= Central Grocers Cooperative =

Former retailers' cooperative in the midwestern US

Central Grocers Cooperative, founded in 1917 as Central Wholesale Grocers, was a retailers' cooperative based in Joliet, Illinois, near Chicago. It distributed both brand name and private label goods branded as Centrella and Silver Cup Value Buy to about 400 member-owner grocery stores in Iowa, Indiana, Illinois, and Wisconsin.

It supplied several grocery stores in Indiana and Illinois, including Strack & Van Til (acquired in 1998), Town & Country, Key Market, and Ultra Foods. It also purchased a number of former Cub Foods locations in the Chicago area, some of which it operated as Strack and Van Til and Ultra Foods. Also Gray's Foods in Rockford. Fellow co-op Certified Grocers Midwest merged into Central Grocers in 2008. Prior to 2009, the company was headquartered in Franklin Park, Illinois.

As of 2013, it was the seventh largest grocery cooperative in the United States, with over $2 billion on consolidated annual sales.

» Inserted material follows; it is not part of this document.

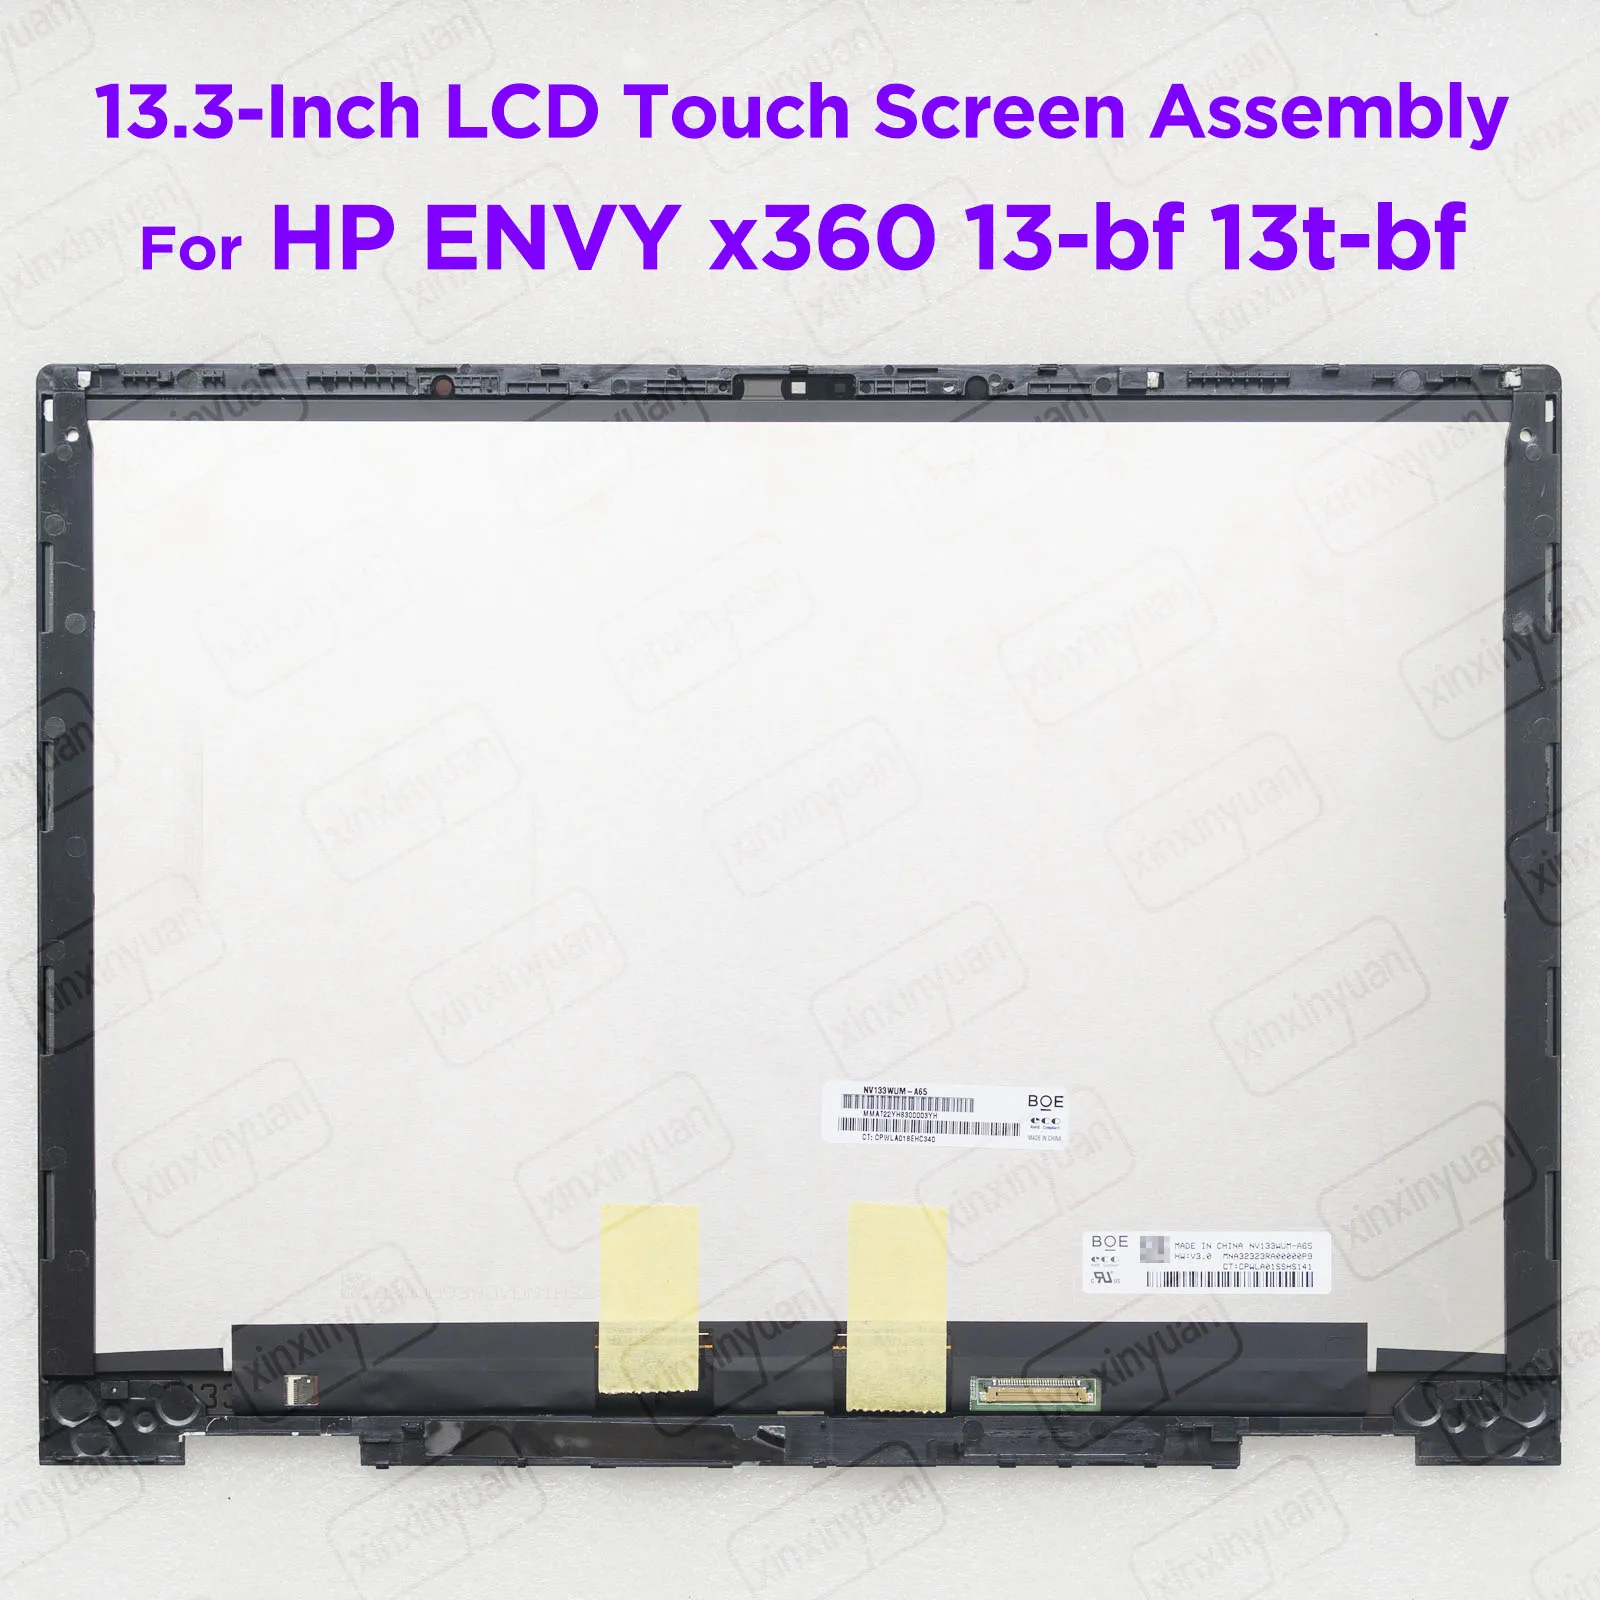 

13.3" LCD Touch Screen Assembly for HP ENVY X360 13-bf 13t-bf AM-OLED Display Panel Replacement ATNA333AA01

On May 2, 2017, an involuntary petition under Chapter 7 of the U.S. Bankruptcy Code was filed against Central Grocers, Inc., in the U.S. Bankruptcy Court for the Northern District of Illinois. The petitioning creditors were The Coca-Cola Company, General Mills, Inc., Mars Financial Services, and Post Consumer Brands. On May 4, 2017, Central Grocers filed for Chapter 11 bankruptcy and plans to close their distribution center and sell 22 of its Strack and Van Til stores, plus seven of its Ultra stores. SuperValu subsequently agreed to buy the distribution center.